All experiments were conducted with institutional review and approval. Animals were euthanized by CO₂ inhalation and cervical dislocation at the indicated times in accordance with AAALAC guidelines. Mammary glands were collected from FVB mice bred at Lawrence Berkeley National Laboratory, commercially obtained BALB/c mice, 129SV/C57BL/6 Tgfß1+/+ or +/- mice bred in-house at the National Institutes of Health or the Lawrence Berkeley National Laboratory, and congenic 129S2/SV Hsdc Tgfß1+/+ or +/- mice and F1 outcrosses of 129S2/SV Hsd and C57BL/6 Tac Tgfß1+/+ or +/- mice bred at University of California at San Francisco. Unless otherwise specified, immunostaining data are from FVB mice and transgenic phenotype data are from 129SV/C57BL/6 Tgfß1+/+ or +/- mice. Estrus was staged using cytological characteristics of vaginal smears and confirmed postmortem by uterine wet weight. Pregnancy was determined by vaginal plug and confirmed by embryos. Ten-week-old mice were ovariectomized for 14 to 17 days and injected intraperitoneally with estradiol (1 µg) and progesterone (1 mg) daily for 3 days. Control animals were injected with vehicle throughout the same time course.

The inguinal (fourth pair) mammary glands were dissected free of the skin and were either placed in Carnoy’s fixative for whole-mount staining, or embedded in OCT compound (Miles Inc., Elkhart, IN). Frozen tissue blocks were stored at -70°C until the time of sectioning. Whole-mount staining of glands with 1% carmine alum were done as described³⁸ but the glands were fixed in Carnoy’s fixative overnight; stained glands were stored in methyl salicylate after poststaining dehydration. After photography, mammary whole mounts were embedded in paraffin, sectioned at 5 µm, and stained with hematoxylin and eosin to score for pyknotic nuclei.

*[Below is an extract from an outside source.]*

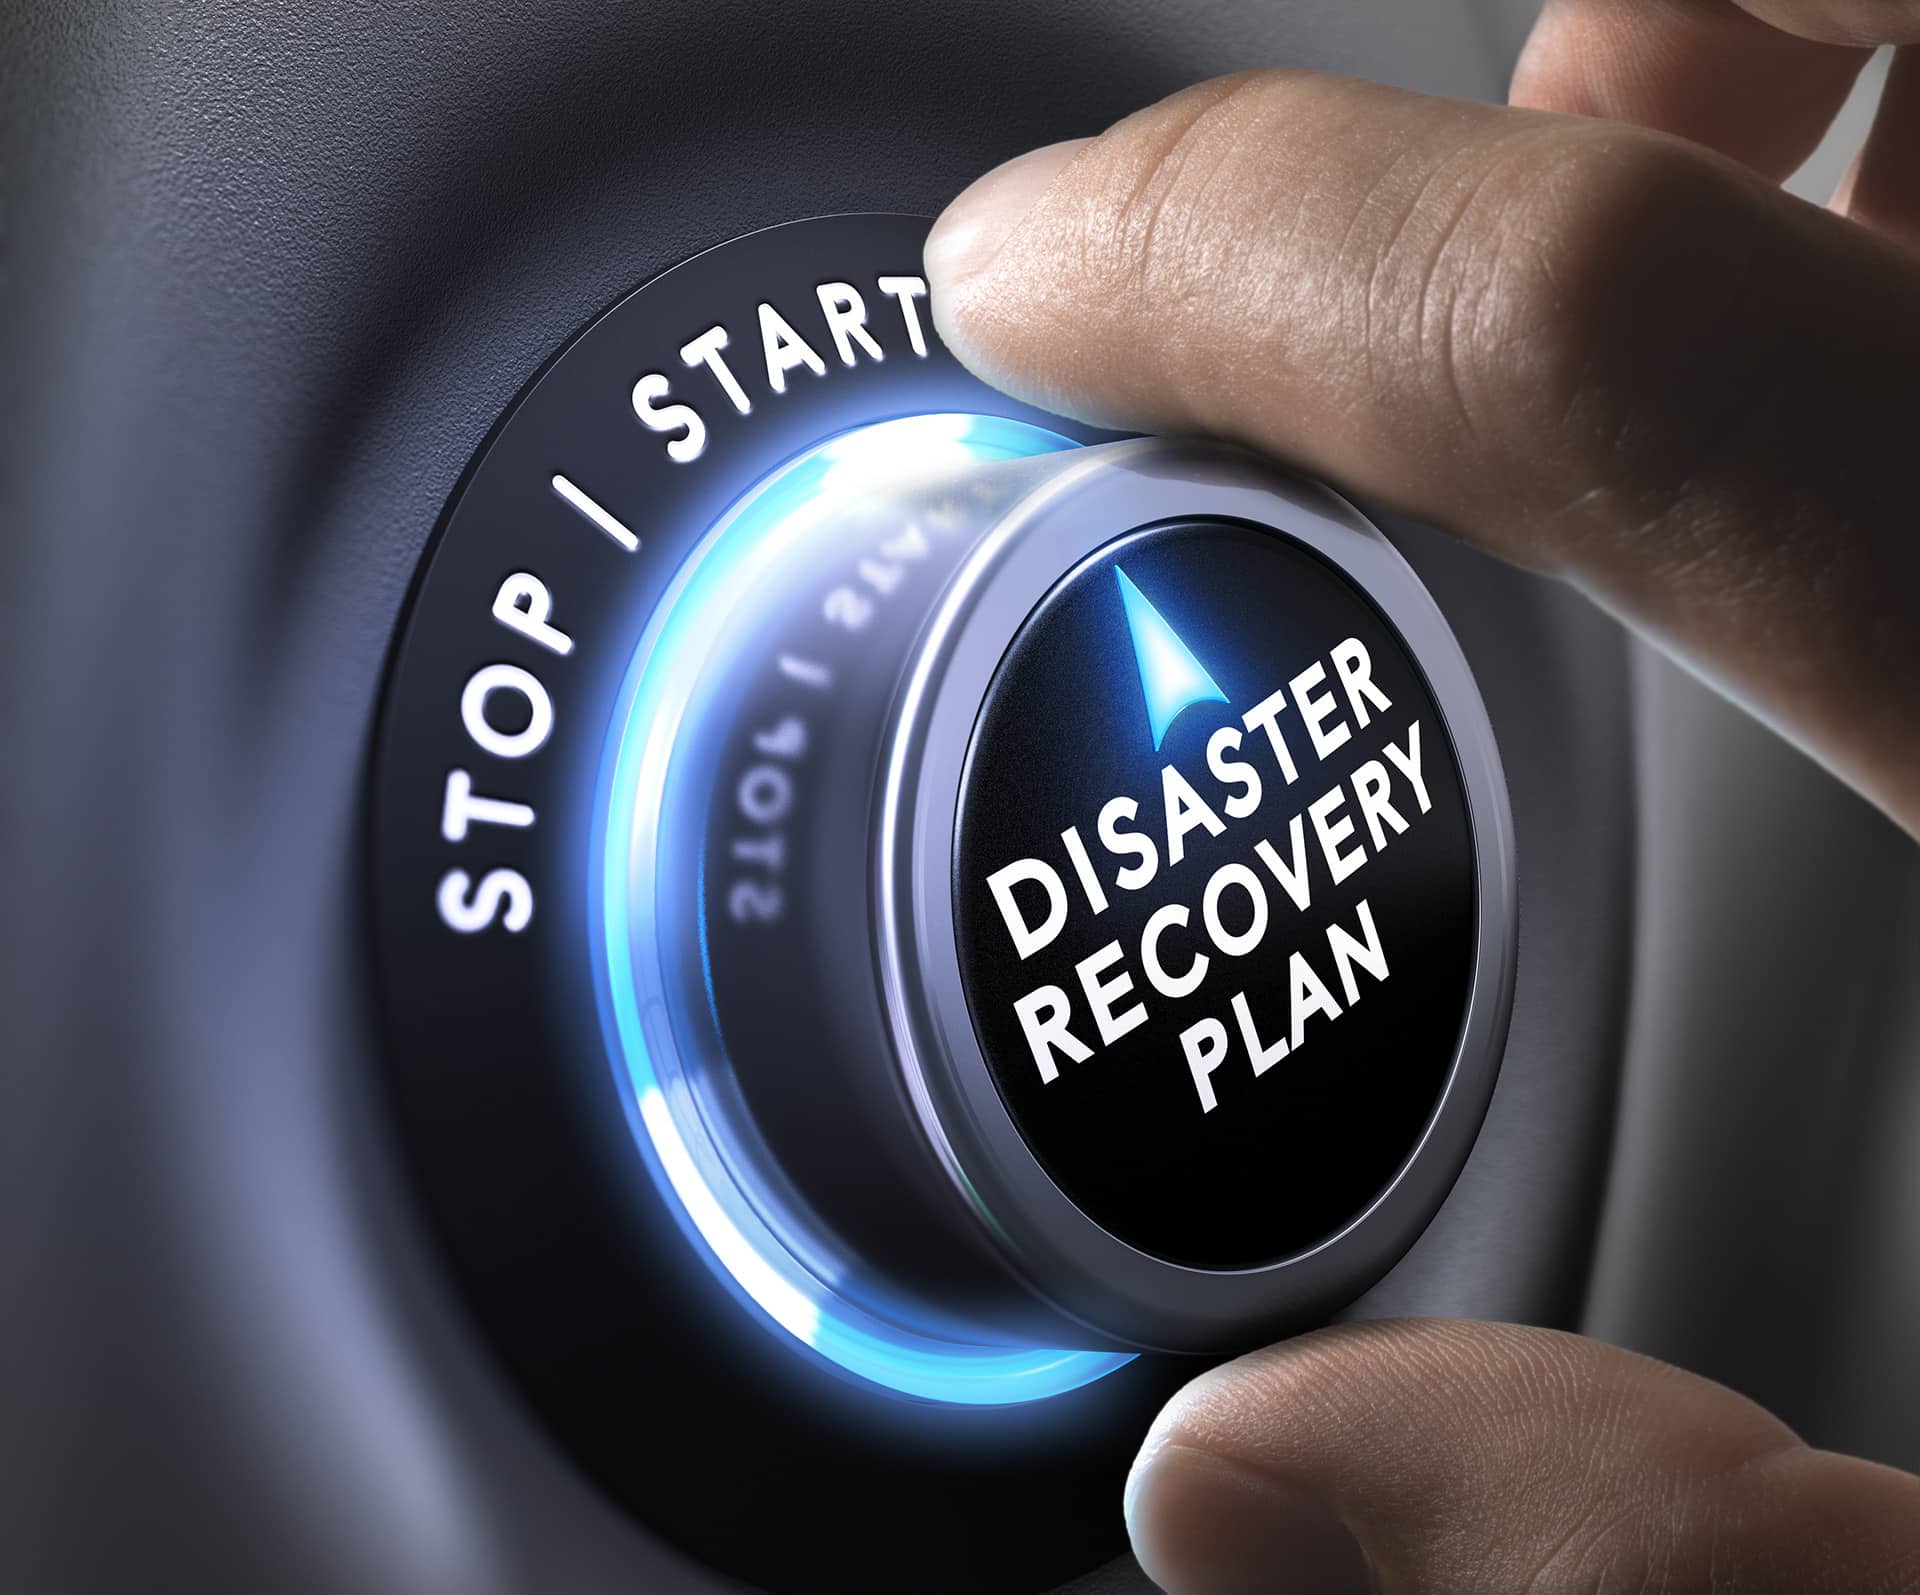 a button that says stop i start disaster recovery plan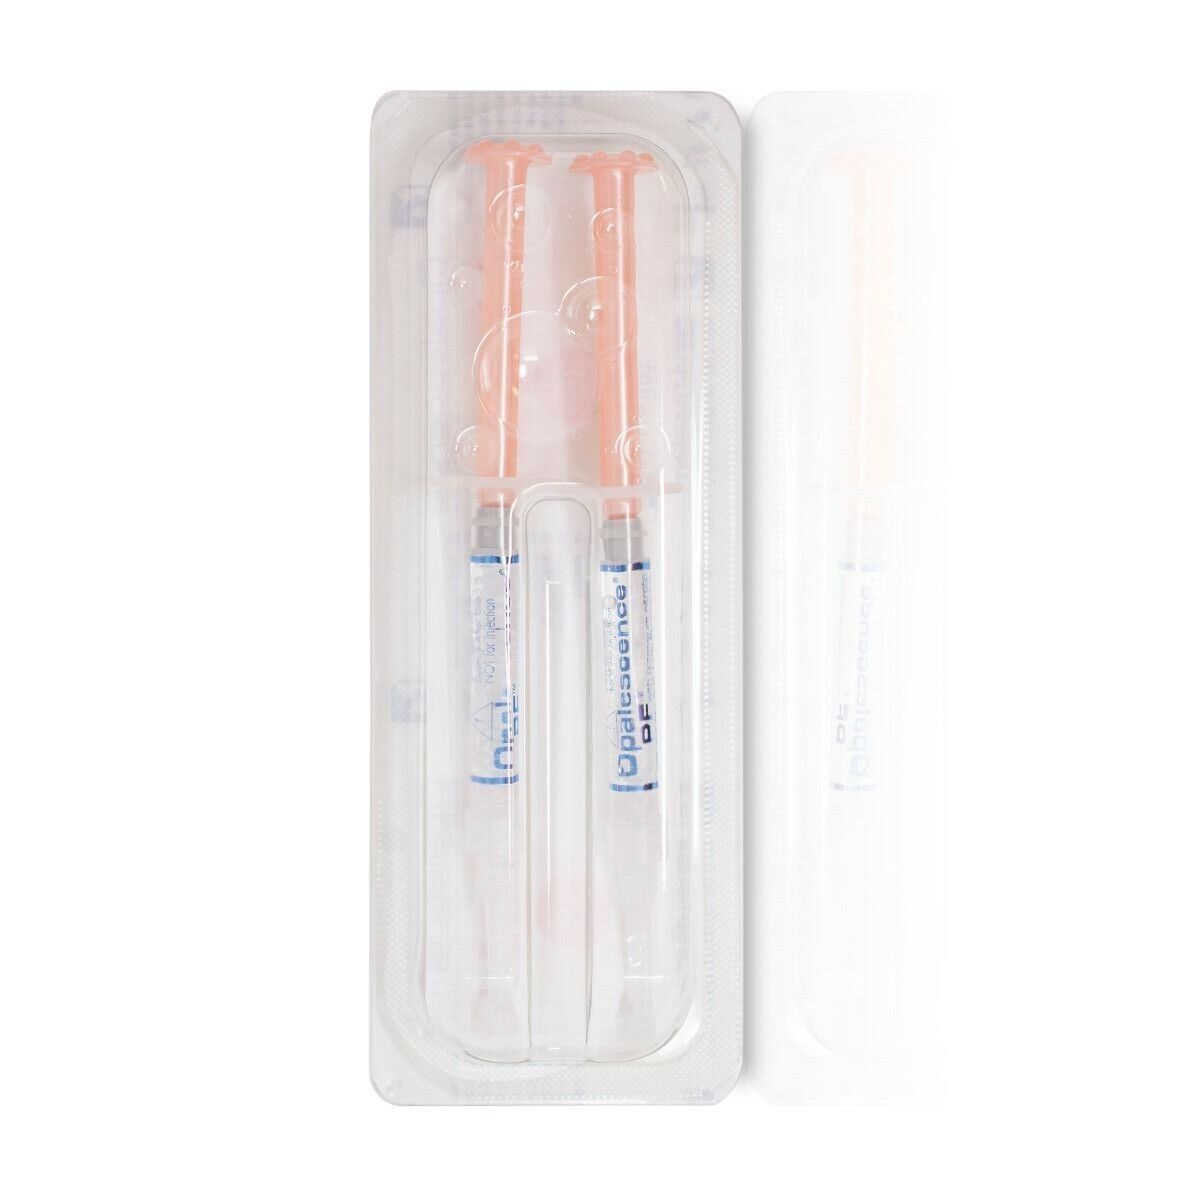 *1-Pack* Ultradent Opalescence PF 35% Tooth Whitening Refills Melon Flavor 5404 Opalescence 5404-U

Grafting of Mammary Epithelium to Cleared Fat Pads

Three-week-old F1 129S2/SV Hsd x C57BL/6 Tac Tgfß1+/+ or +/- mice were anesthetized with 0.01 ml per 10 g weight of 40 mg/ml of xylazine and 25 mg/ml of ketamine. The skin was opened aseptically at the anterior midline and along each hock; one skin flap was pinned back to expose the fourth (inguinal) gland.³⁹ The nipple, the tissue above and including the lymph node, and the connection to the fifth gland were cauterized and removed. A single tissue fragment (1 mm³) from the inguinal gland of an F1 129S2/SV Hsd x C57BL/6 Tac Tgfß1+/+ or +/- adult donor animal was transplanted to a slit in the ventral anterior edge of the cleared fat pad. This procedure was repeated with the contralateral inguinal gland. The skin of the host animal was then closed up with wound clips; these were removed after 1 week. Host animals were euthanized 6 weeks after the operation to examine ductal growth in the inguinal glands.

Antibodies

Antibodies designated chNTGF-ß1 were affinity-purified immunoglobulin fractions of polyclonal affinity-purified chicken anti-TGF-ß1 (AF-101-NA, Lot no. FS03 and no. FS08; R&D Systems, Minneapolis, MN), which preferentially react with the active form of TGF-ß1.³⁴ Goat polyclonal antibodies to recombinant human TGF-ß1 LAP (R&D Systems) are specific for latent TGF-ß1 as previously described.^33,34 Fluorescein-labeled anti-goat IgG (Pierce, Rockford, IL, or Southern Biotechnology Associates, Inc., Birmingham, AL) was used for the detection of LAP antibody. Texas Red-labeled anti-chicken antibody (Sigma, St. Louis, MO) was used for detection of TGF-ß. Fluorescein-conjugated monoclonal mouse antibody to proliferating cell nuclear antigen (PCNA) was used at 1 to 10 dilution in accordance with the manufacturer’s protocol (DAKO, Carpinteria, CA). The Intergen kit (Purchase, New York) was used for terminal dUTP nick-end labeling staining; the manufacturer’s instructions were used for staining.

Immunohistochemistry

Immunostaining to differentiate between active and latent active TGF-ß1 immunostaining was conducted as previously described.³⁴ Briefly, frozen embedded mammary gland were sectioned onto gelatin-coated coverslips, then fixed using 2% buffered paraformaldehyde for 20 minutes at room temperature, followed by a 0.1 mol/L glycine/phosphate-buffered saline (PBS) wash. Nonspecific sites were blocked using the supernatant from a 0.5% casein/PBS solution (pH 7.4) for 60 minutes. The sections were incubated simultaneously overnight with primary antibodies to LAP and TGF-ß1 antibodies diluted in blocking buffer. After washes, each primary was detected by sequential incubations with species-specific secondary antibodies. For PCNA staining, sections were fixed for 5 minutes in 2% paraformaldehyde in PBS, washed, and fixed for 10 minutes in methanol at 4°C. Sections were blocked as described above, then incubated in the fluorescein isothiocyanate-conjugated antibody for 1 hour. Nuclei were counterstained with 4,6-diamidino-2-phenylindole (DAPI). The sections were mounted in Vectashield (Vector Laboratories, Burlingame, CA) and stored at -20°C until evaluated. Deletion of primary antibody controls in each experiment and assays of secondary antibody cross-reactivity were routinely negative.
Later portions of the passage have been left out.